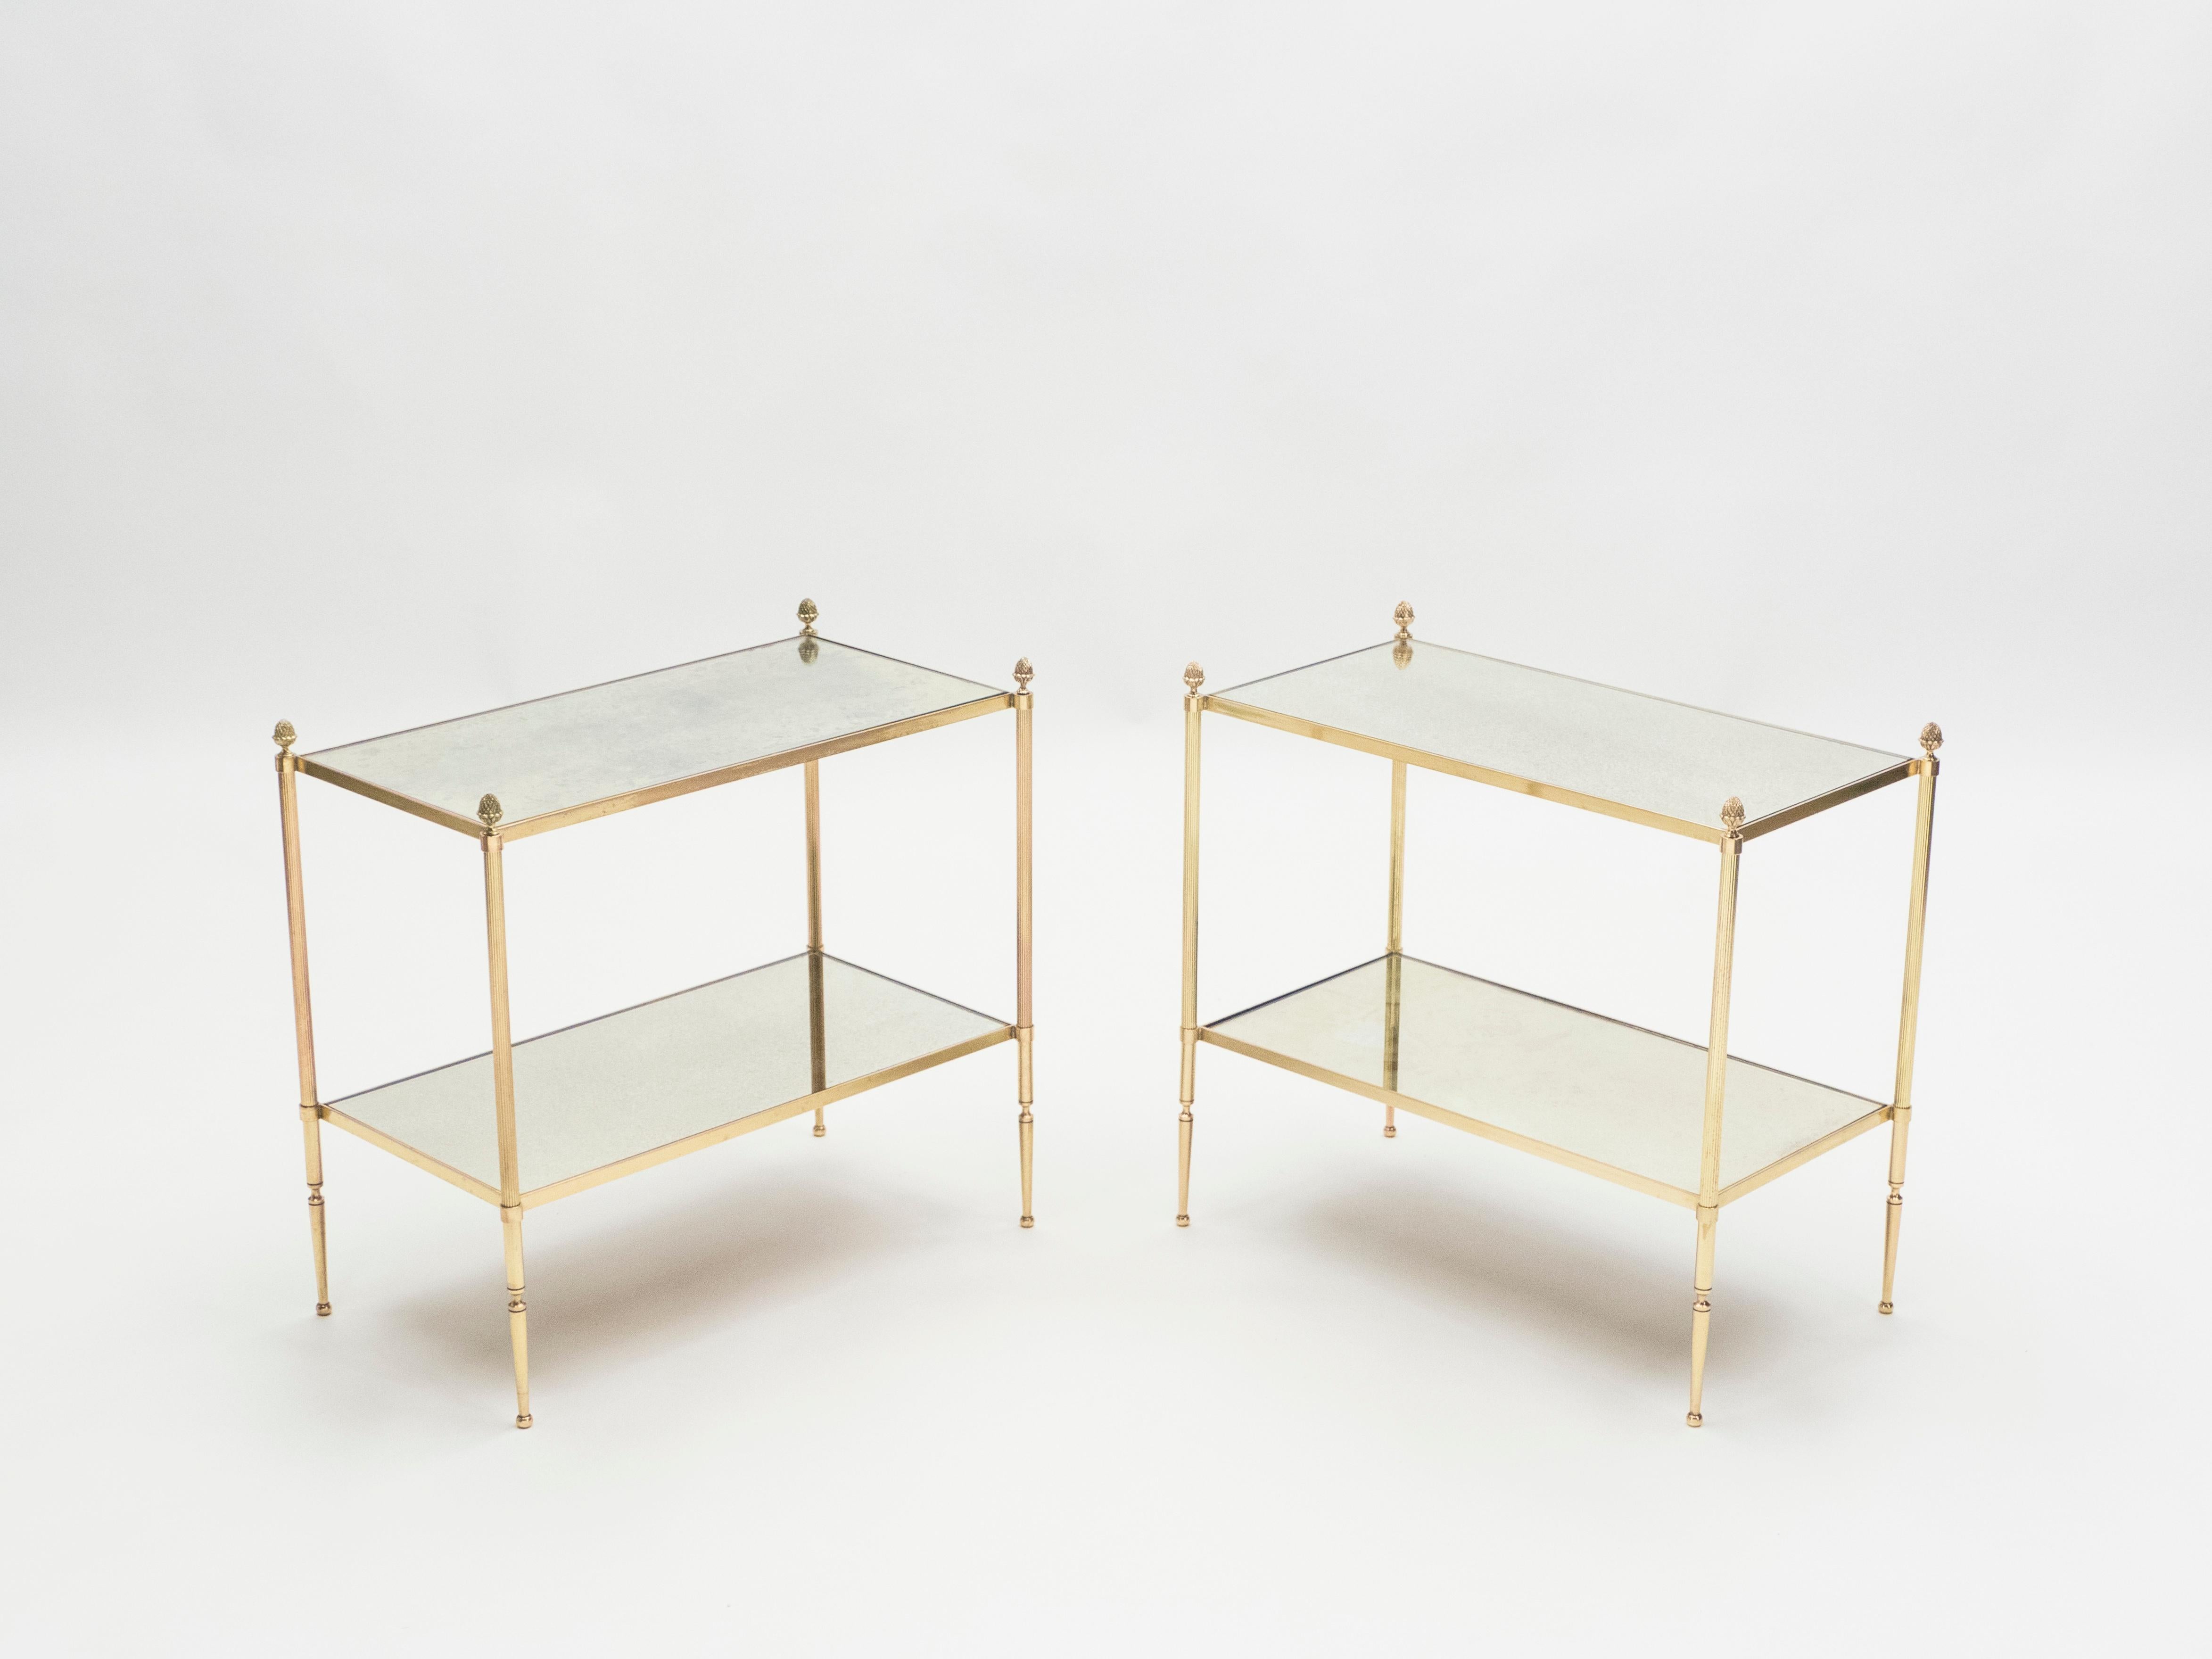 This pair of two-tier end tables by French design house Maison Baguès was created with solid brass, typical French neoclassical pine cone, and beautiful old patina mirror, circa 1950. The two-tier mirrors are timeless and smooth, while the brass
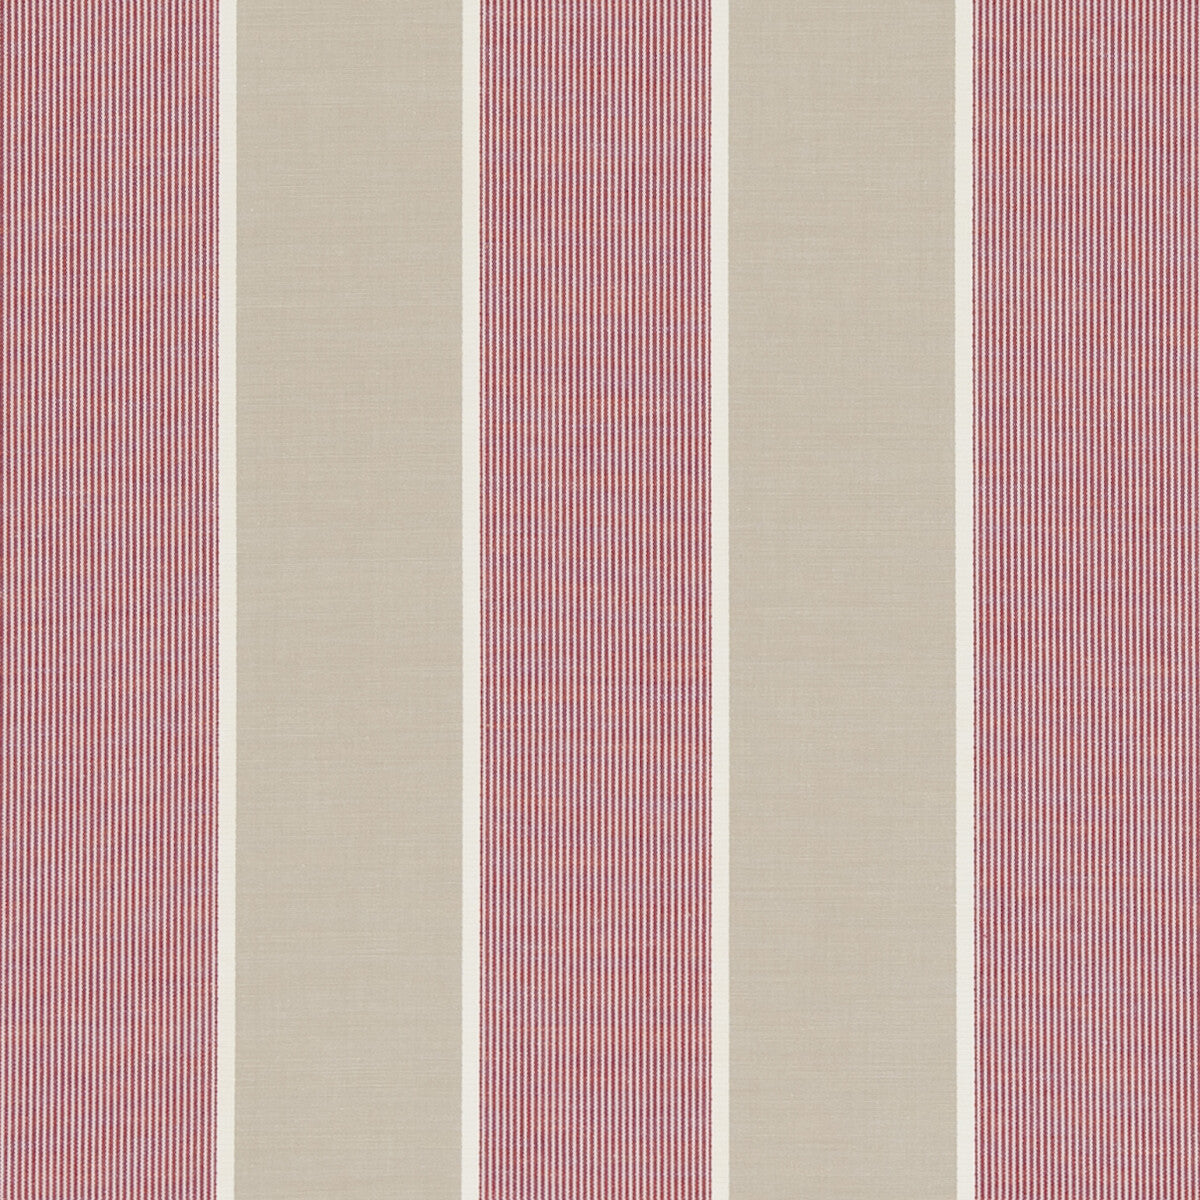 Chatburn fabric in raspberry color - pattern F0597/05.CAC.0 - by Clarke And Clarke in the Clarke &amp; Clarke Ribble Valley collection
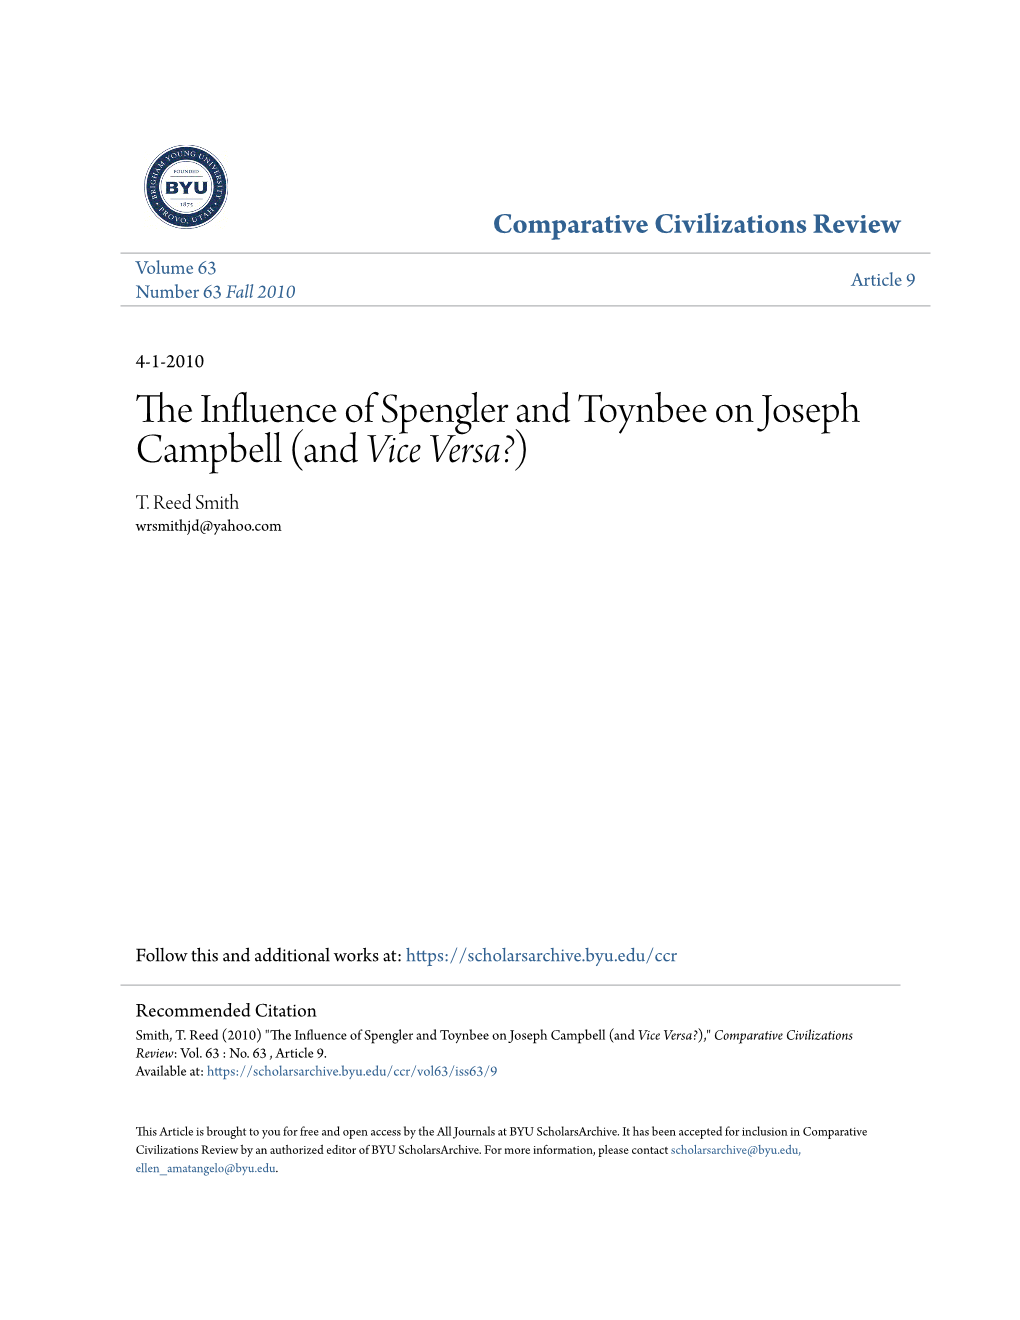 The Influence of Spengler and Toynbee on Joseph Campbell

* * * *

▸ Task directions
In the listing, find the line with "Chatburn fabric in" and retype exactly from there through the last line, both included, leaving the pictures out.

▸ Answer space
 Chatburn fabric in raspberry color - pattern F0597/05.CAC.0 - by Clarke And Clarke in the Clarke &amp; Clarke Ribble Valley collection
 The Influence of Spengler and Toynbee on Joseph Campbell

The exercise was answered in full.